◆ What you need to do:
In the material below, the lines between the one holding "Apple iPhone SE" and the one holding "175 gram bar of lifebuoy deo fresh soap", inclusive, are to be set down word for word. Pictures stay out.

◆ Given entries:

+--

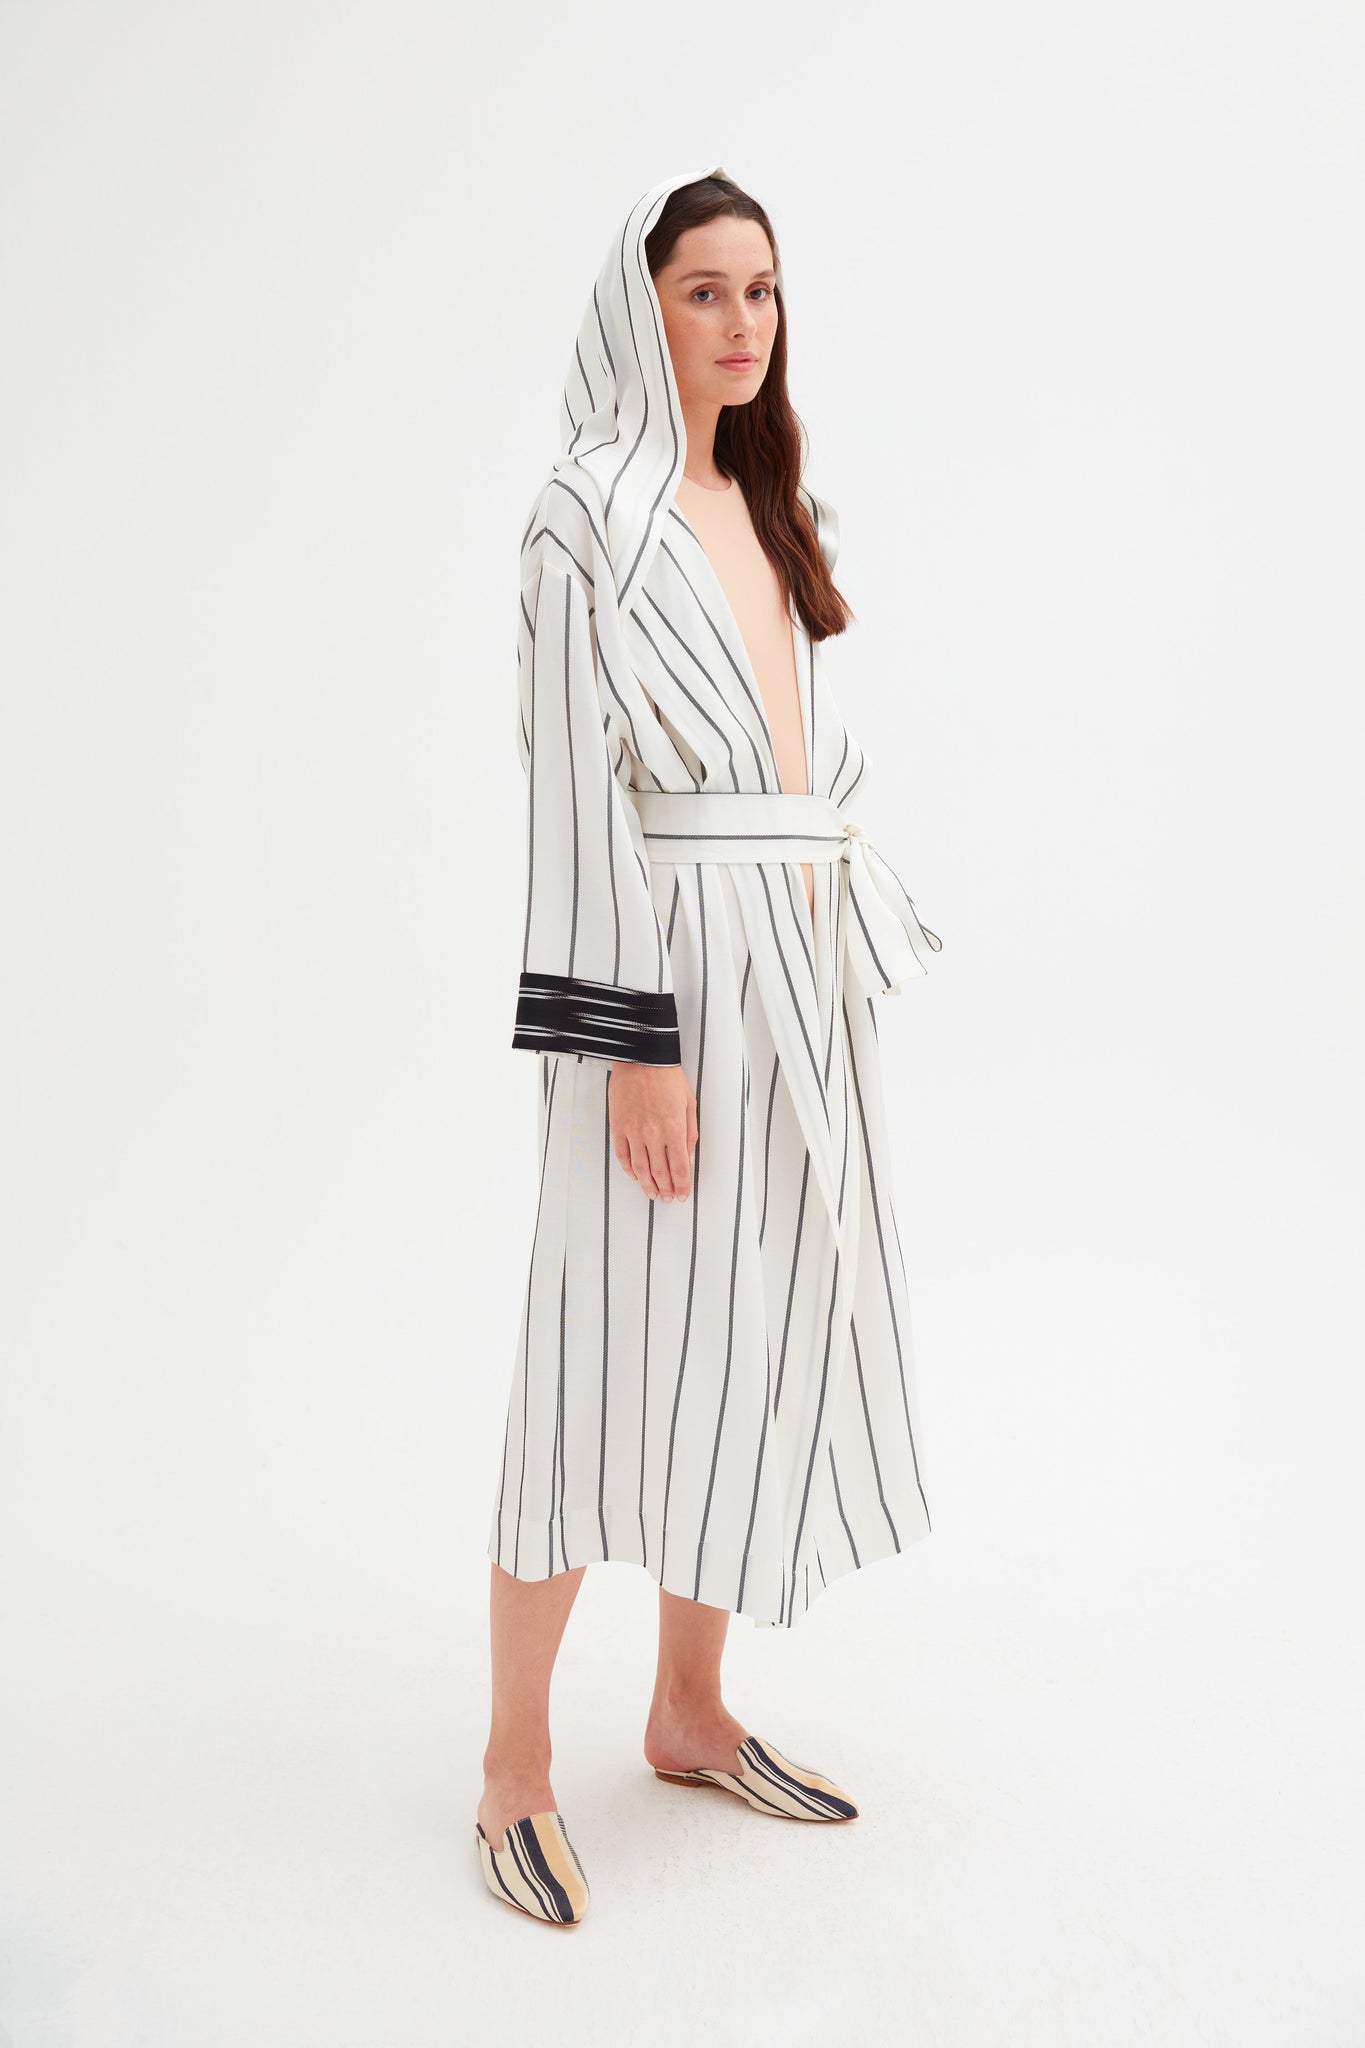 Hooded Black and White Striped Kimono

+--

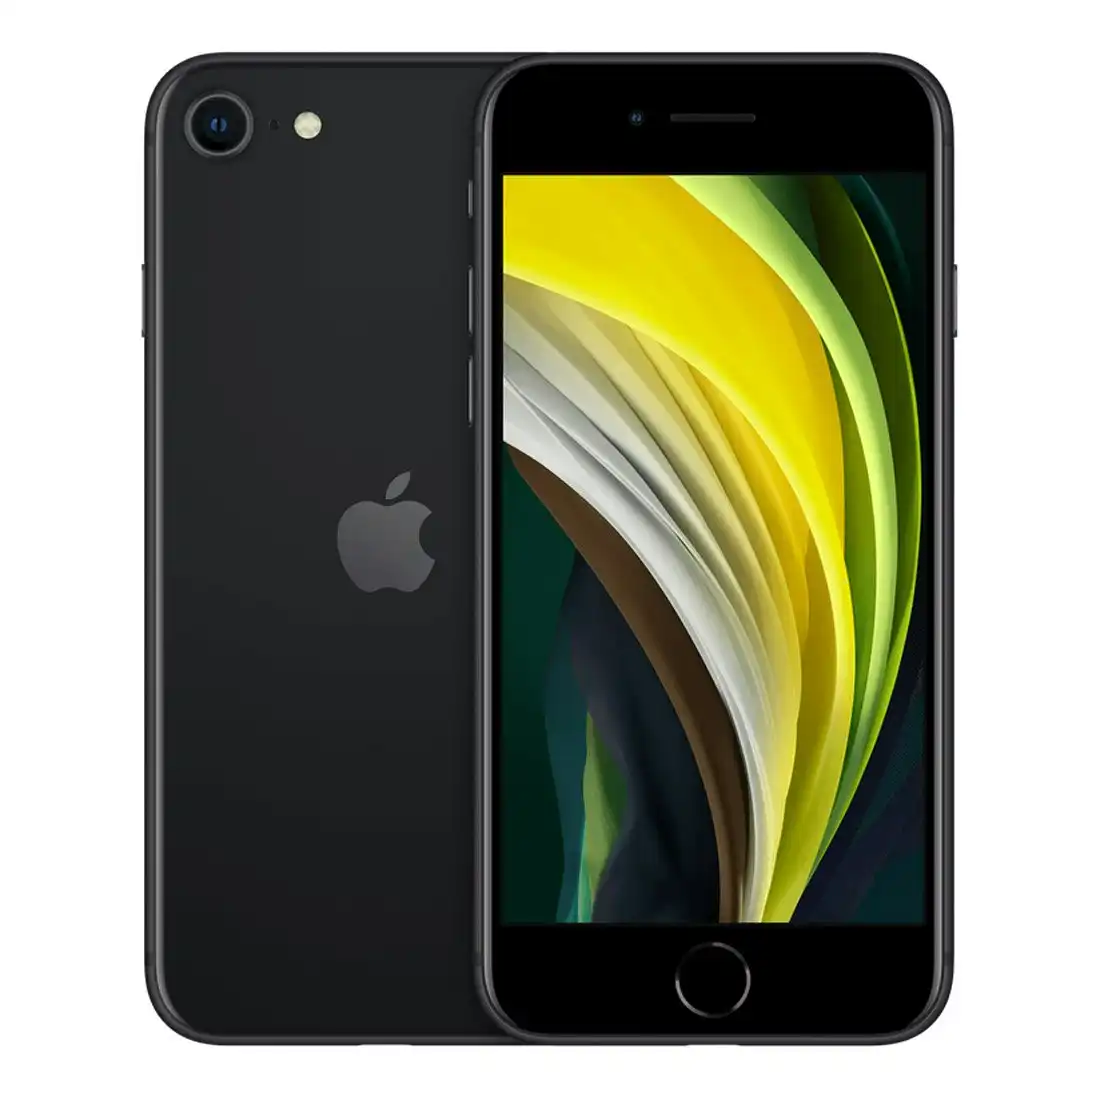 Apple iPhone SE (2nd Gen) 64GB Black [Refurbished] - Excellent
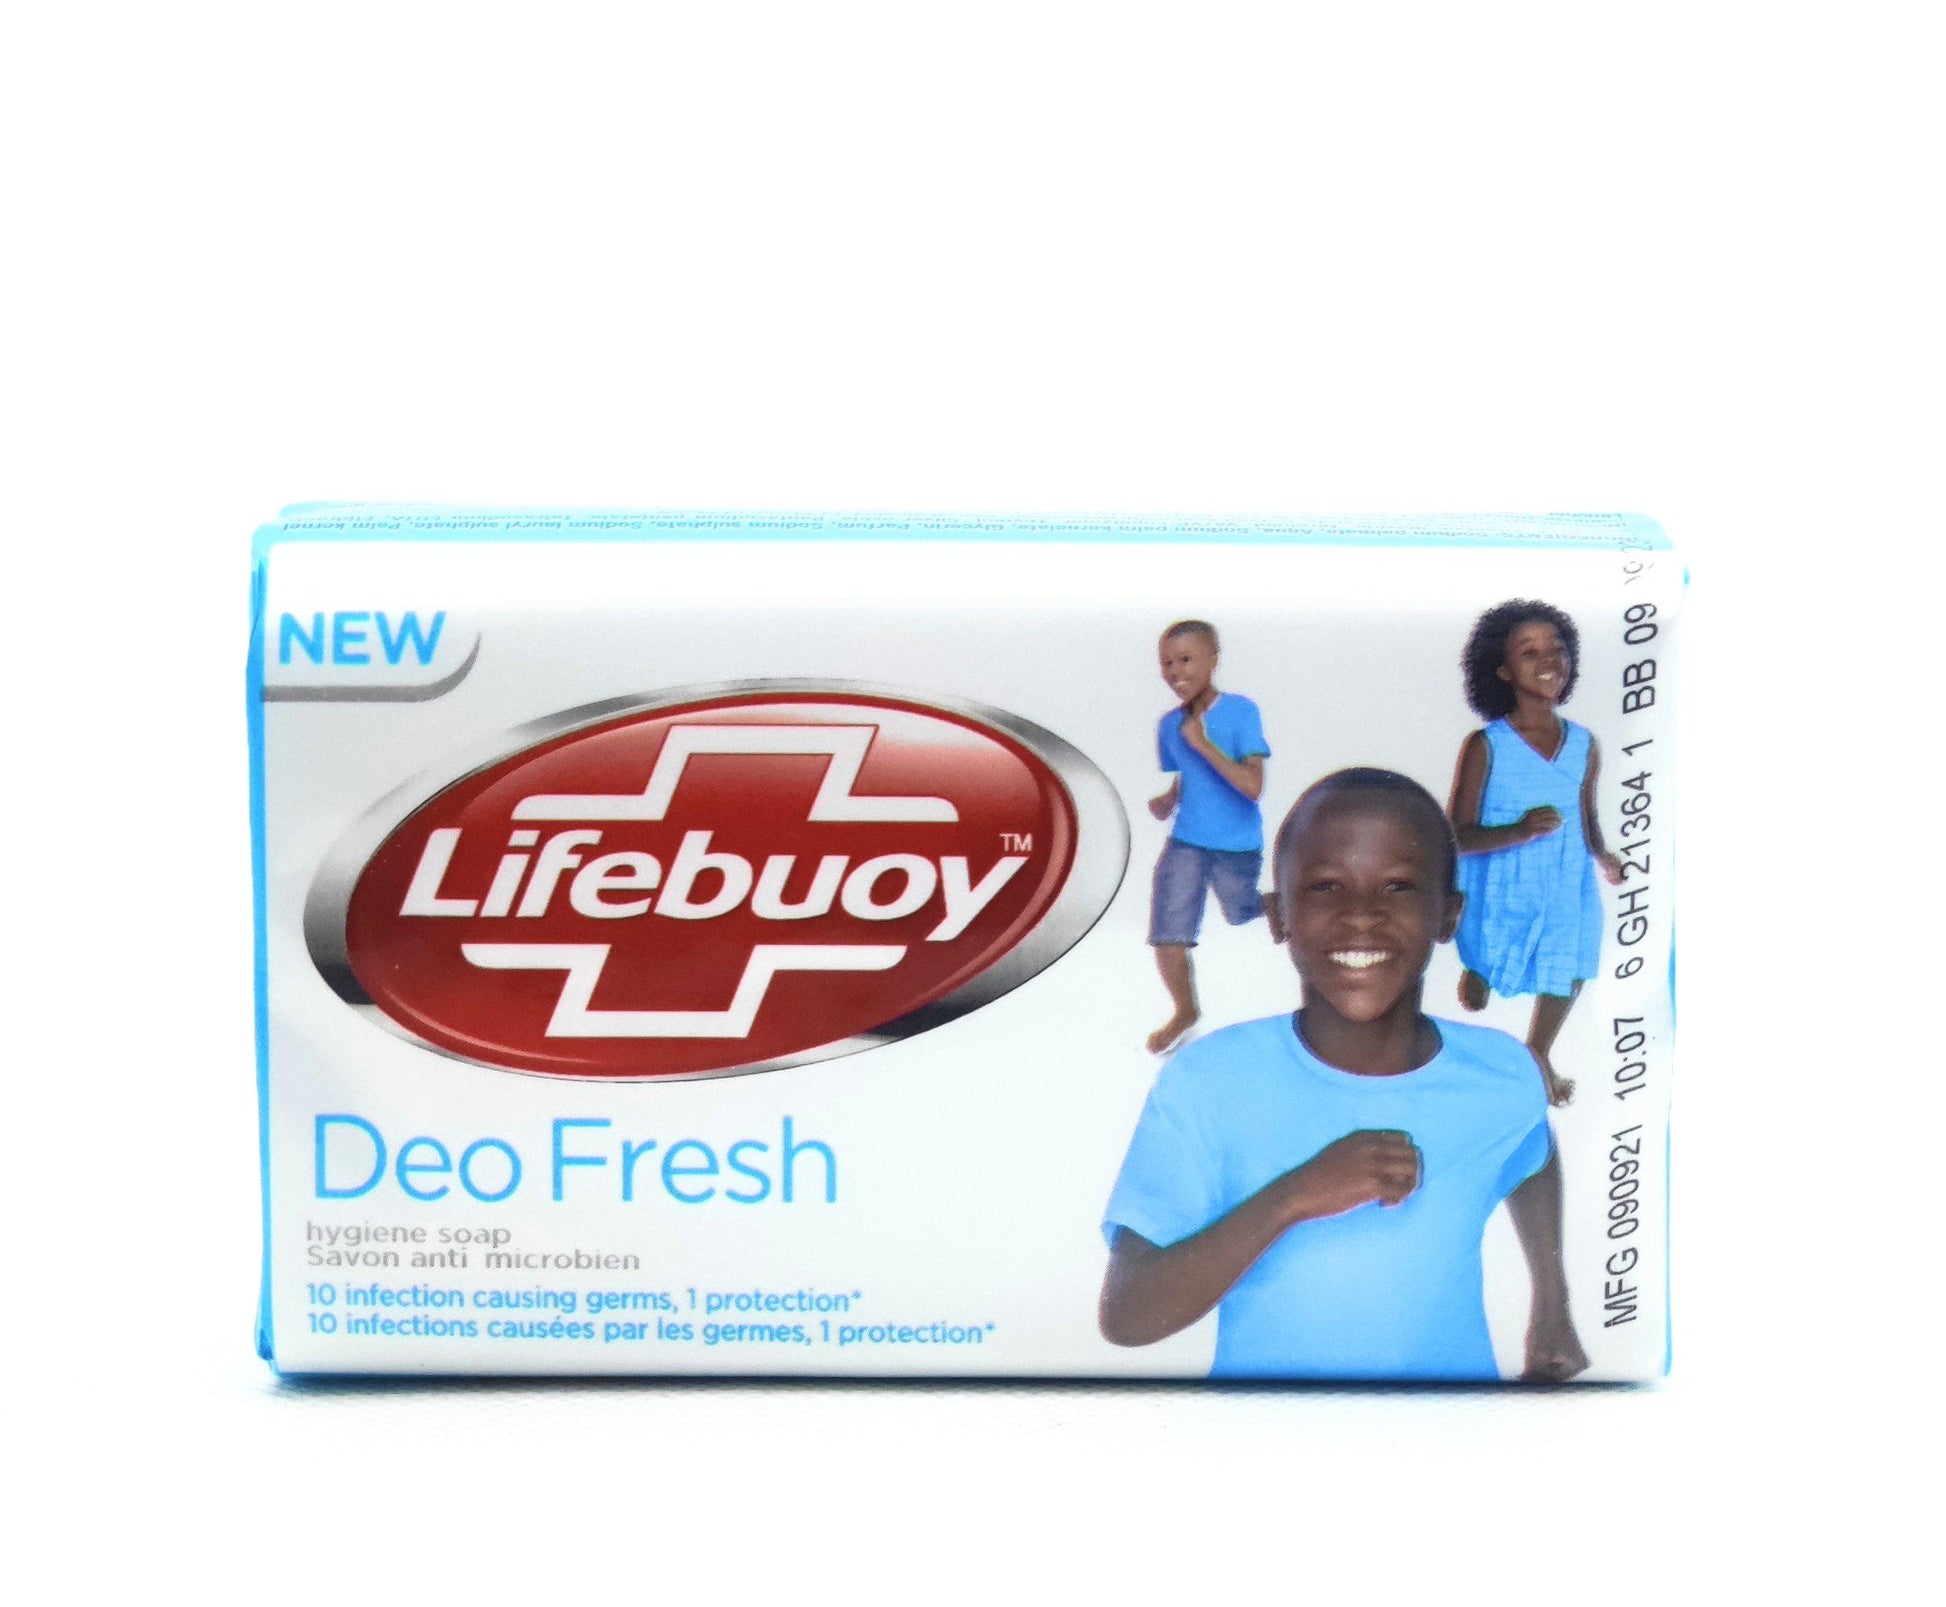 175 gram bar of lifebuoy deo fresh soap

+--

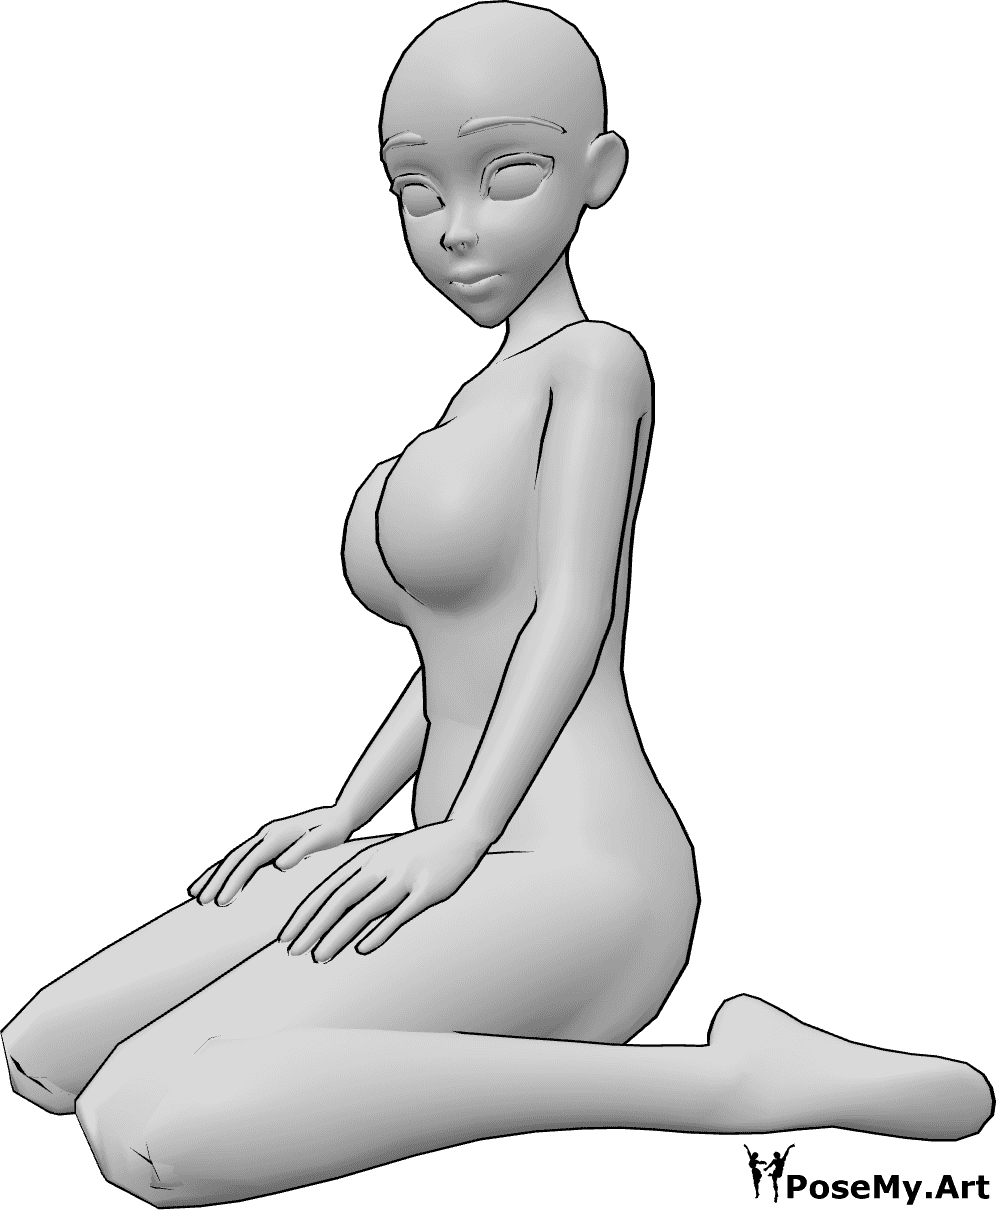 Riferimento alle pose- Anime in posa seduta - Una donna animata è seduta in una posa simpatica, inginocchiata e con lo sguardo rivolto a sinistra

+--

◆ Response:
 Apple iPhone SE (2nd Gen) 64GB Black [Refurbished] - Excellent
 175 gram bar of lifebuoy deo fresh soap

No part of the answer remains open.